Dikilitaş is a neighbourhood in the municipality and district of Akdeniz, Mersin Province, Turkey. Its population is 1,069 (2022). It takes its name from an ancient Assyrian monument.

==Geography==
Both the settlement and the monument are in Mersin municipality area. But the monument is secluded in the citrus gardens at about . The road from the city center to the monument is about 12 km.

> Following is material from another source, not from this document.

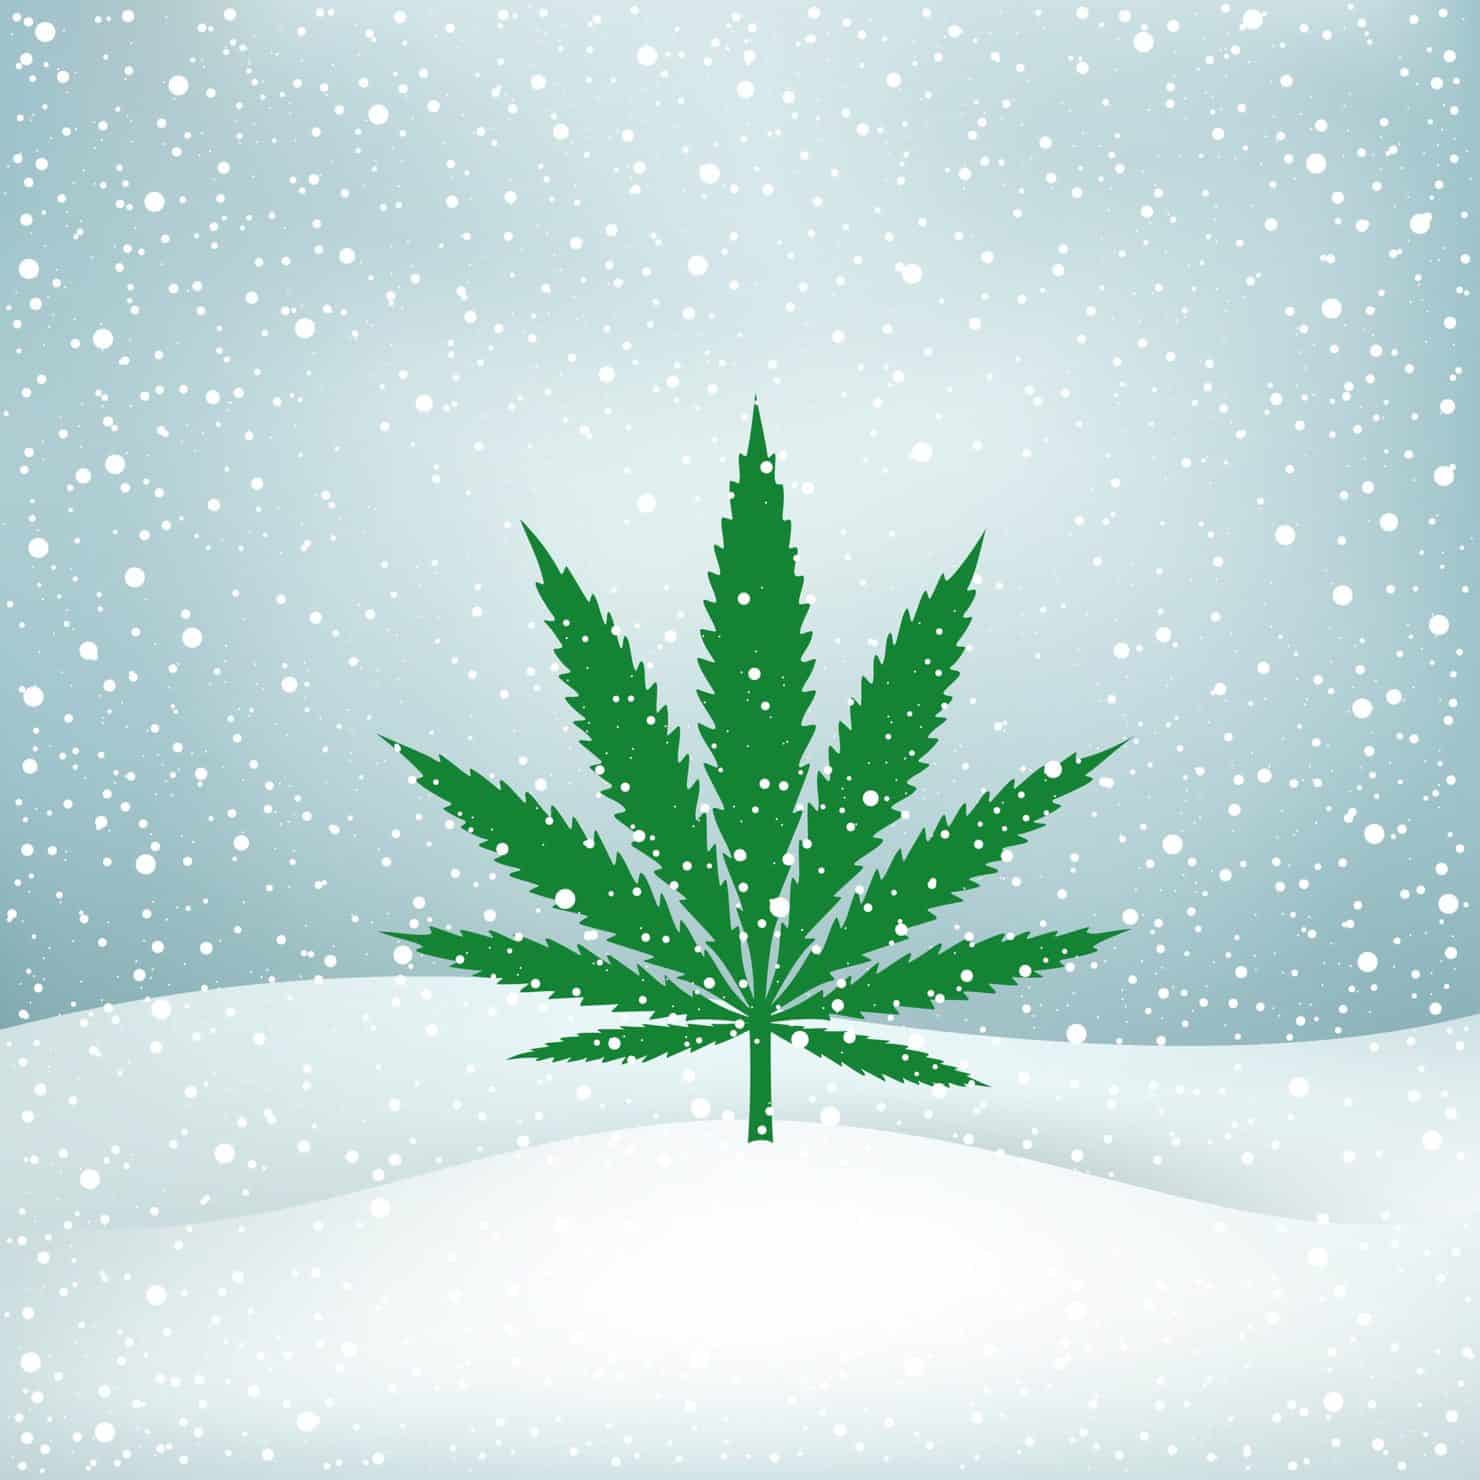 Growing Healthy Cannabis Through The Winter

The settlement is situated slightly to the north of the monument.

==History==
In Turkish Dikilitaş means obelisk. Dikilitaş in Mersin was a triumph monument erected by the Assyrian king Sennacherib after his victory against Dorians in 696 BC. When erected, the monument was on the ancient road to Tarsus and probably located in the urban fabric of the ancient city of Anchiale.

==Technical details==
The monument is actually a rectangular conglomerate 15 m high, with a base area of 4 × 2 m^{2} (6 × 12 ft^{2}). Its marble cover (and possibly the sculpture on the monument) have since been ruined.

==A legend==
According to a popular legend there were two struggling families one in Tarsus and the other in Silifke. The families made peace and the daughter of the Tarsus family and the son of the Silifke family got married. But after the bride’s brother died of natural causes in Silifke, the head of the Silifke family travelled to Tarsus to deliver the bad news. However, before reaching to Tarsus he met with the head of the Tarsus family on the spot where the monument is. The monument was erected by the grieving father.